[WHAT THE TASK REQUIRES] In the entries below, find the line with "FCU Geburtstagsfete Stadion" and the line with "Мацей Боґуш Зиґмунт". Return those two lines and all lines between them, exactly.

[SOURCE DATA]
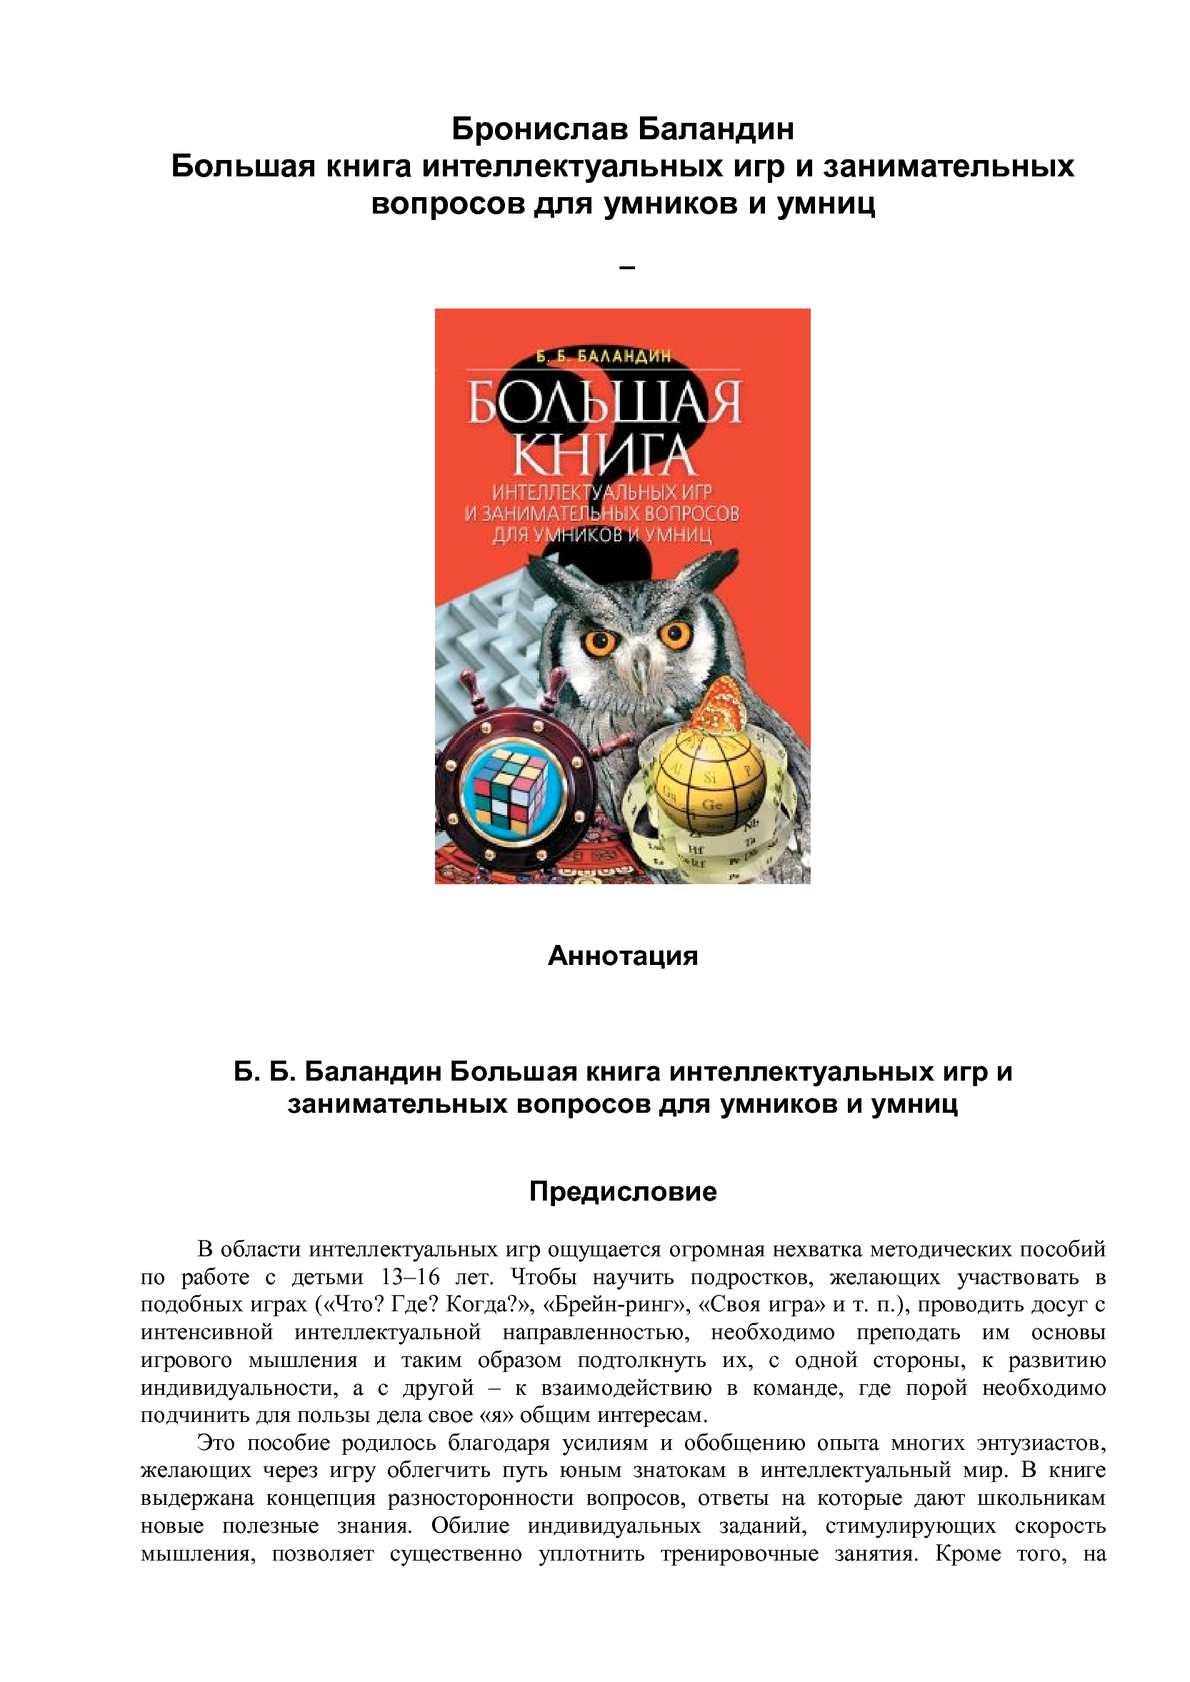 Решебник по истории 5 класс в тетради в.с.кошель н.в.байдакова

---

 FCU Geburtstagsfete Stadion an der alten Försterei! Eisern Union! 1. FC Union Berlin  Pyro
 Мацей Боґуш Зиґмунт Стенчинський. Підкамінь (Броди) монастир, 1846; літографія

--

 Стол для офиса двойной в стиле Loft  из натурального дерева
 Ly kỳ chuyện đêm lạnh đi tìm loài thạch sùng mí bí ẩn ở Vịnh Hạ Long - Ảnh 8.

[YOUR SOLUTION]
 FCU Geburtstagsfete Stadion an der alten Försterei! Eisern Union! 1. FC Union Berlin  Pyro
 Мацей Боґуш Зиґмунт Стенчинський. Підкамінь (Броди) монастир, 1846; літографія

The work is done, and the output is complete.